Group Members

Prof. Ran Zadok, Department of Archaeology and Ancient Near Eastern Cultures, Tel Aviv University

Prof. Ran Zadok is the world's leading expert in ancient Near Eastern population groups in the first millennium. Over the past decades, he assembled almost single handed the cuneiform data concerned with Judeans, Israelites, and other West Semitic ethnic groups. The results of his studies are published in numerous monographs and articles. Prof. Zadok's achievement in the field of Assyrian and Babylonian population groups and onomastics remains unparalleled in the field of ancient Near Eastern Studies by virtue of his vast collection of data, following the transliteration and translation of over 3000 cuneiform tablets, many of which are as yet unpublished.

Prof. Yoram Cohen, Department of Archaeology and Ancient Near Eastern Cultures, Tel Aviv University

Prof. Yoram Cohen has studied the archives of the city of Emar. By forming the Emar Online Database, he established together with co-researcher Dr. d'Alfonso (University of Konstanz, Germany) the city's chronology which is relevant to our understanding of the end of the Late Bronze Age. Dr. Cohen brings to the current project his expertise in the study of ancient archives and the construction of large-scale computerized projects.

Prof. Kathleen Abraham, Faculty of Arts - Language and Area Studies (Ancient Near East) , University of Leuven.

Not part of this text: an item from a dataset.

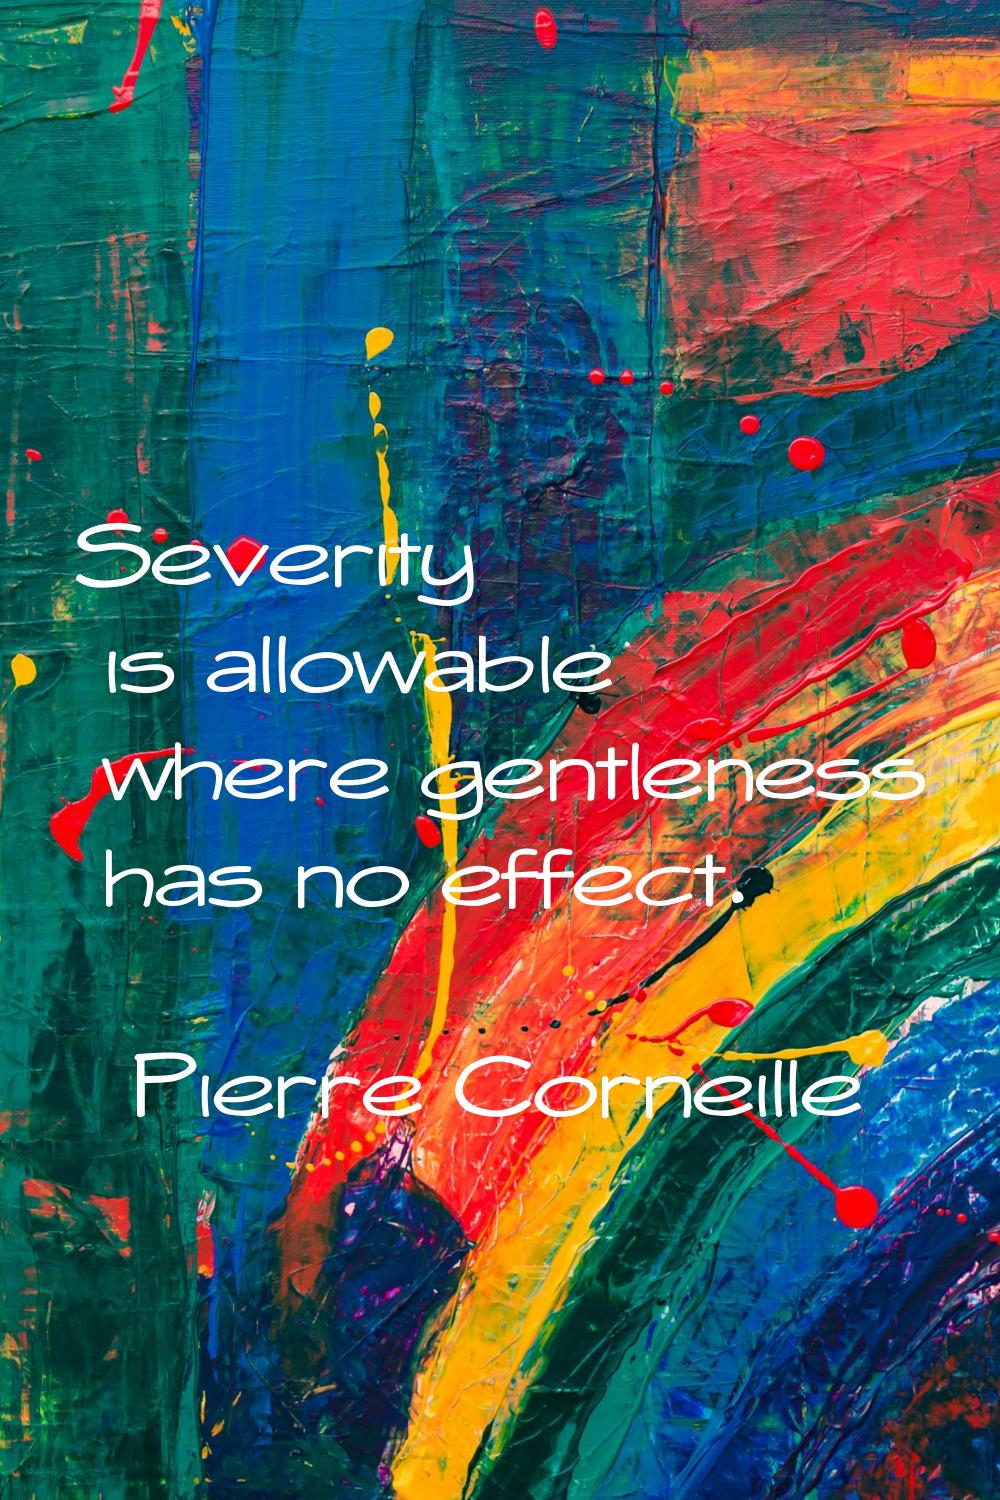 Severity is allowable where gentleness has no effect.

Prof. Kathleen Abraham specializes in the socio-economic history of Babylonia in the Neo-Babylonian and Persian periods. She has extensively studied the archives of several Babylonian families and reconstructed from the documents that were held in these archives the families' economic profile and social network. In her books and articles she gives a lively picture of how these Babylonian families built up their wealth, developed strategies to maintain or expend their wealth, and nurtured links with the local priestly or political establishment. Her publication of two of the Āl Yāhūdu tablets for the first time, a marriage contract and an inheritance contract involving parties of Judean descent, elaborates on the Judean versus local Babylonian marriage practices, the living conditions of immigrant families in Babylonia and the process of their linguistic and economic assimilation.